• [What the exercise asks]: In full and word for word, copy the listing; no pictures belong in the copy.

• [Dataset extract]:
· · · ·

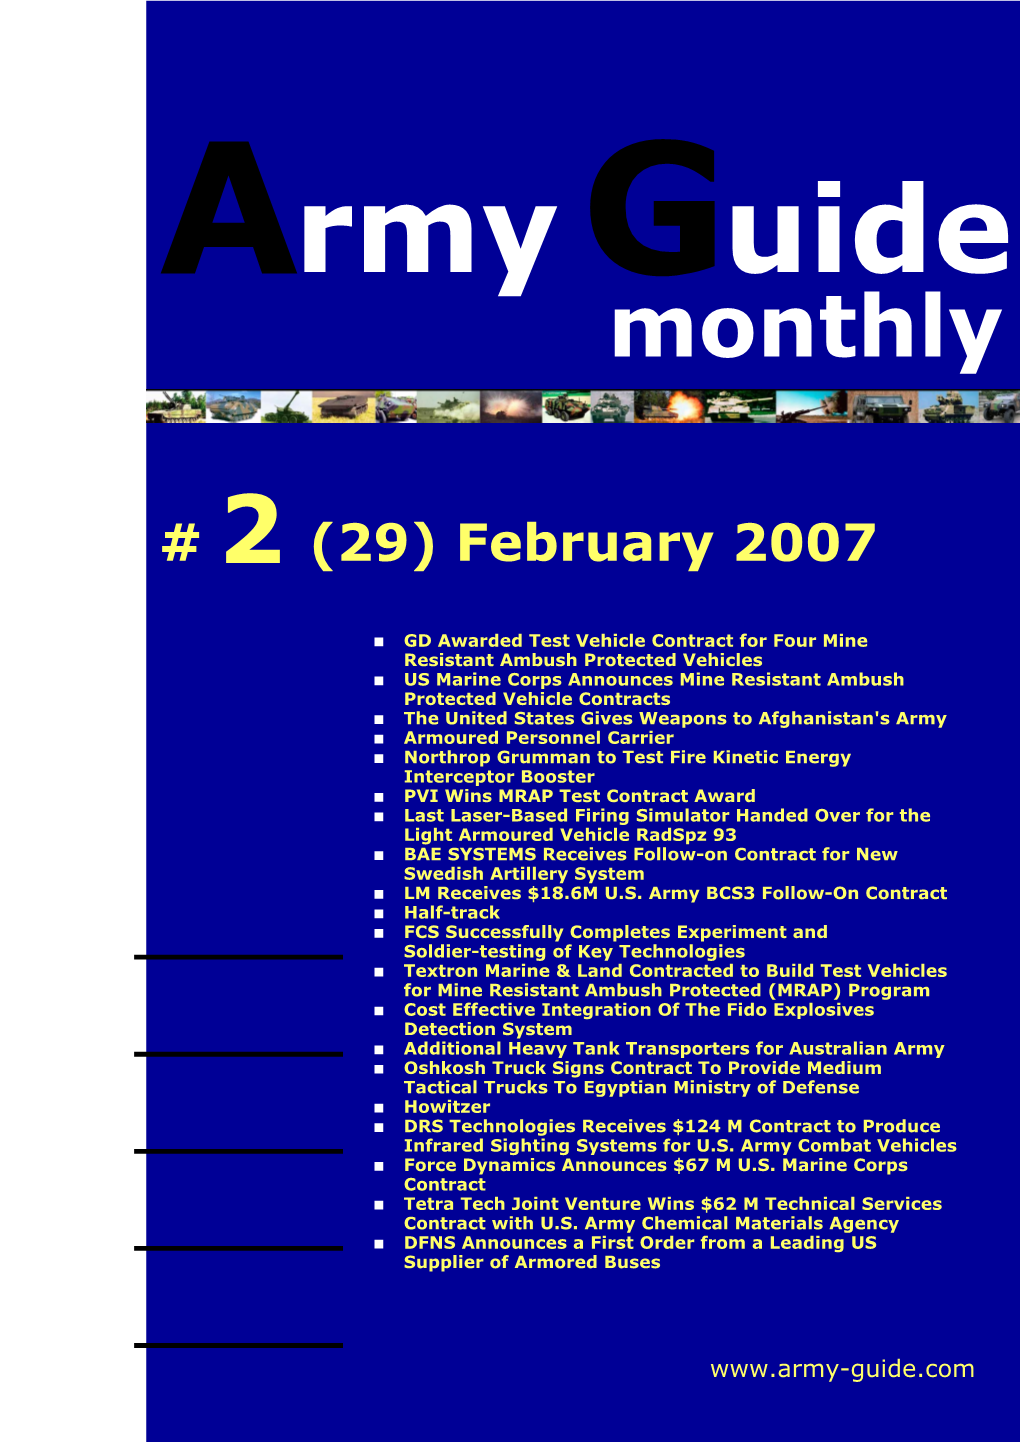 Army Guide Monthly • Issue #2 (29) • February 2007
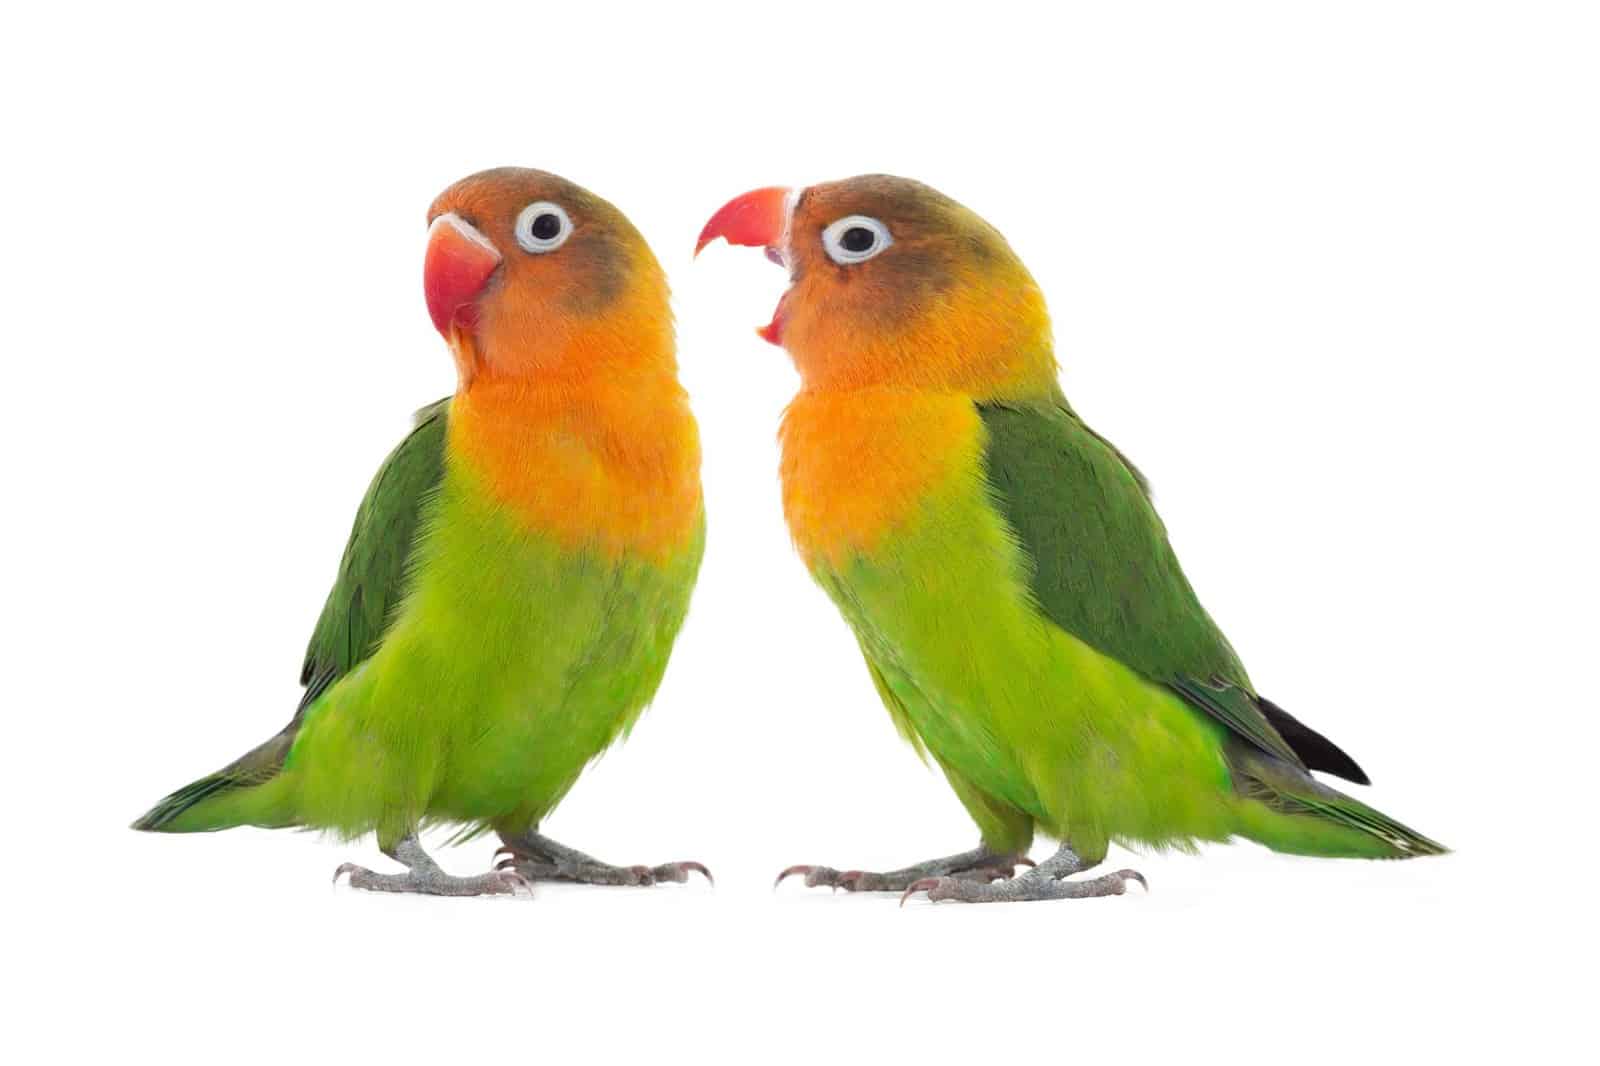 Lovebird Colors Explained (You Won’t Believe This)
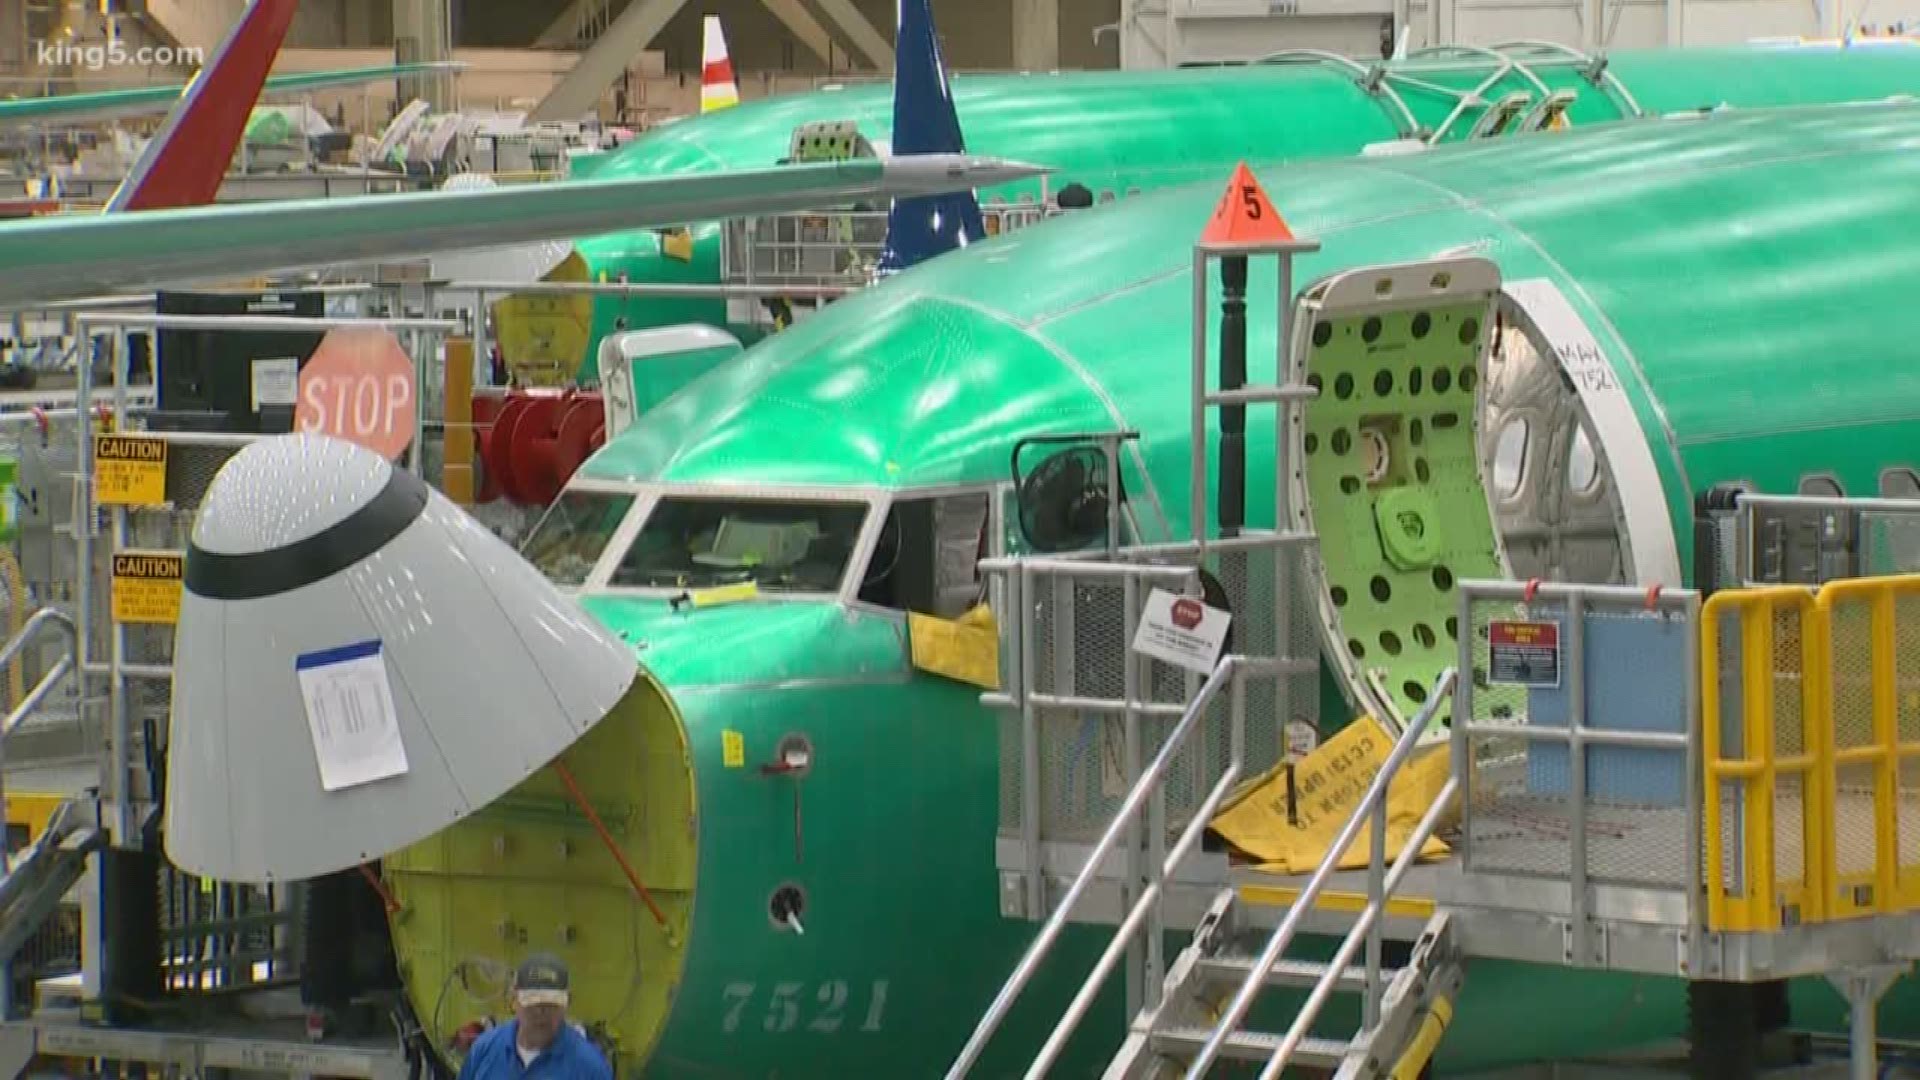 As Boeing executives apologize for two crashes involving a flight control system aboard brand new 737 MAX jets, the grounding of this critical jet continues. KING 5 aviation expert Glenn Farley reports.

· · · ·

• [Solution for this exercise]:
 Army Guide Monthly • Issue #2 (29) • February 2007
 Lovebird Colors Explained (You Won’t Believe This)
 As Boeing executives apologize for two crashes involving a flight control system aboard brand new 737 MAX jets, the grounding of this critical jet continues. KING 5 aviation expert Glenn Farley reports.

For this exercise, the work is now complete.